Точно ядовитую гадину, Скворцов бросил скальпель на асфальт. Тот зазвенел, но не обиженно, а насмешливо. «Я вернулся! – слышалось в его стальном голосе. – И я никуда не денусь». Тягучий страх наконец затопил разум, и Макар, не разбирая дороги, бросился в темноту, прочь от горящего музея.

Ревущее пламя издевательски хохотало ему вслед.

Часть I

Закат

Возлюбленные

Светозарево, июнь

Травы было – валом. Сочные хрусткие заросли, высотой почти до пояса, густые, как волчья шерсть. Везде, где только можно, а в особенности там, где раньше было нельзя. В таких местах трава разрасталась особенно яростно и буйно, со страстью освободителя отвоевывая некогда отобранные человеком угодья. А этой дуре приспичило объедать солнечные головы одуванчиков, усеявших задний двор ярким колышущимся ковром. Широкие рога мешали, цепляясь за выбеленные непогодой жердины забора, но корова упрямо тянула вперед толстую шею. Полчища одуванчиков исчезали, смолотые крепкими зубами. Недовольные шмели, обиженно гудя, отлетали прочь, на безопасное расстояние.

Вера уже не кричала, а хохотала как полоумная, прижимая ладони к животу. В такт смеху подпрыгивали толстые пшеничные косы, украшенные все теми же ядовито-желтыми одуванчиками. Прибежавший на ее истошный вопль Илья с облегчением выдохнул и опустил на землю тяжеленный колун. Что было в руках, с тем и прибежал спасать жену от неведомой напасти.

Вера, отхохотавшись, повернулась к мужу. Не выдержала, сморщила вздернутый конопатый нос и прыснула вновь. Театрально схватившись за сердце, Илья пошел к жене, взбивая ногами одуванчиковое море. Золотая пыльца оседала на коже, проникала в нос терпким ароматом лета. Хорошее лето выдалось. Настоящее.

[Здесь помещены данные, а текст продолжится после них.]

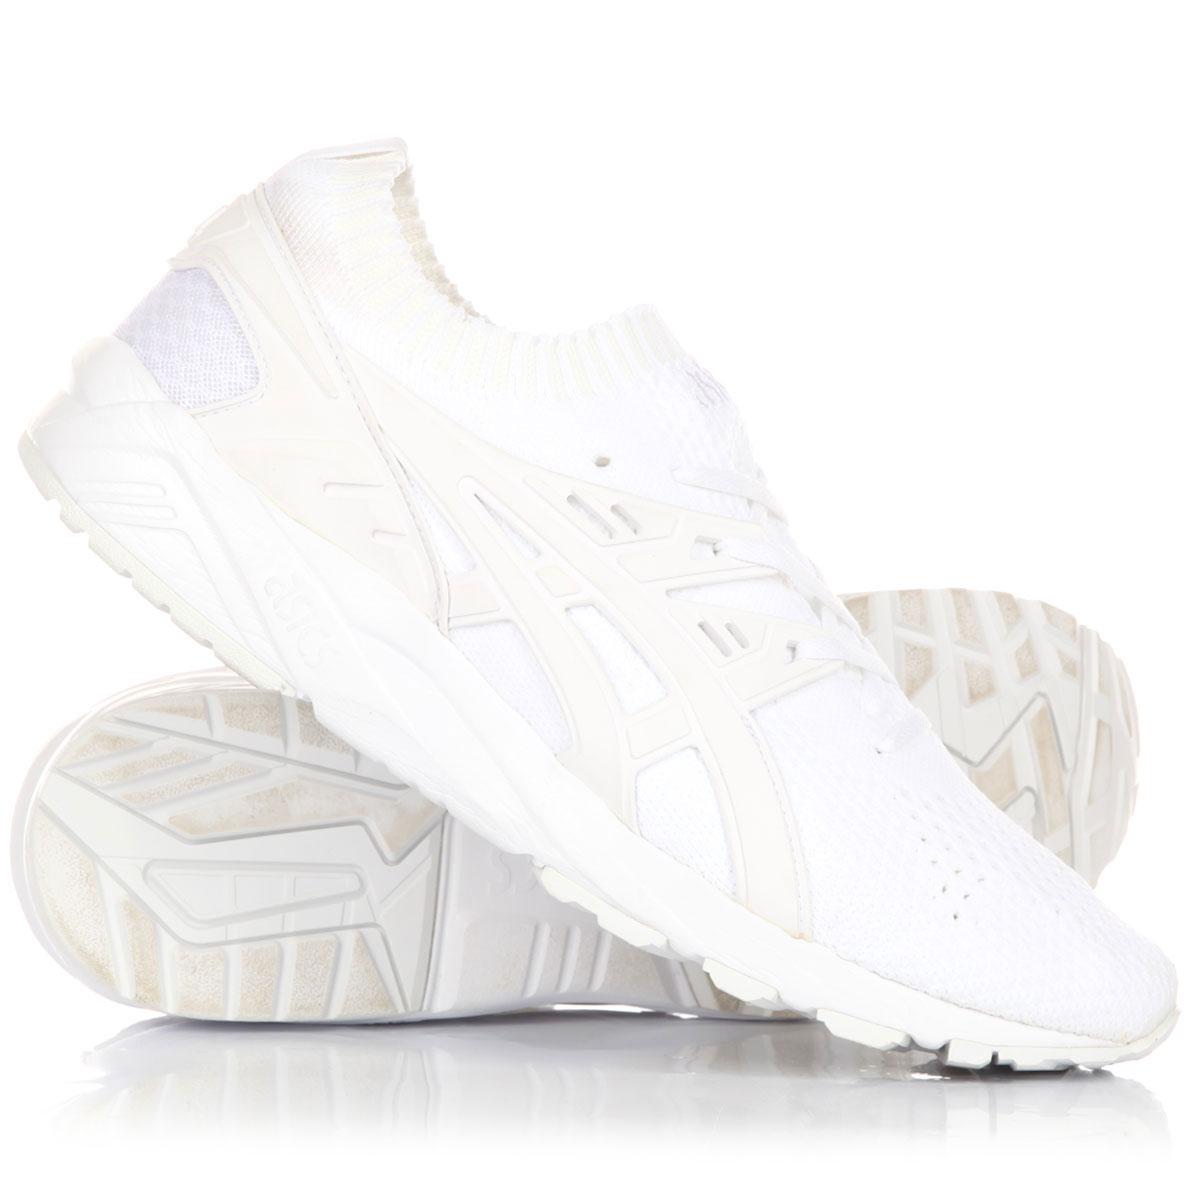 f4e8903d Купить кроссовки ASICS Tiger Gel-Kayano Trainer Kit White в интернет ...

– Люшка, у тебя такая, ха-ха… – не унималась Вера. – Ты бы видел… Ха-ха! …ты бы видел свою… Ха! Аха-ха! Рожу!

Илья поглядел на себя со стороны: взмыленный, раскрасневшийся – бежал с другого конца двора, – отросшие волосы растрепаны, глаза навыкате, все еще выискивают опасность, – и тоже рассмеялся. Облегченно и немного нервно.

– А ты! Ты-ы-ы! – Вера обернулась к корове, погрозила острым кулачком. – У-у-у, дура, блин! А-ха-ха!

Меланхолично пережевывая солнечные цветы, корова глядела на Веру влажными добрыми глазами. «Надо же, – с удивлением отметил Илья. – Выжила». В конце марта, когда наконец стало ясно, что случившееся необратимо, Илья пришел на ферму и открыл загоны, выпуская измученных, перепуганных животных. Оголодавшее, страдающее без дойки стадо ломанулось на волю. В жалобном мычании слышались почти человеческие недоумение и обида. Илья хотел бы им помочь, да только ухаживать за без малого сотней голов – никаких рук не хватит.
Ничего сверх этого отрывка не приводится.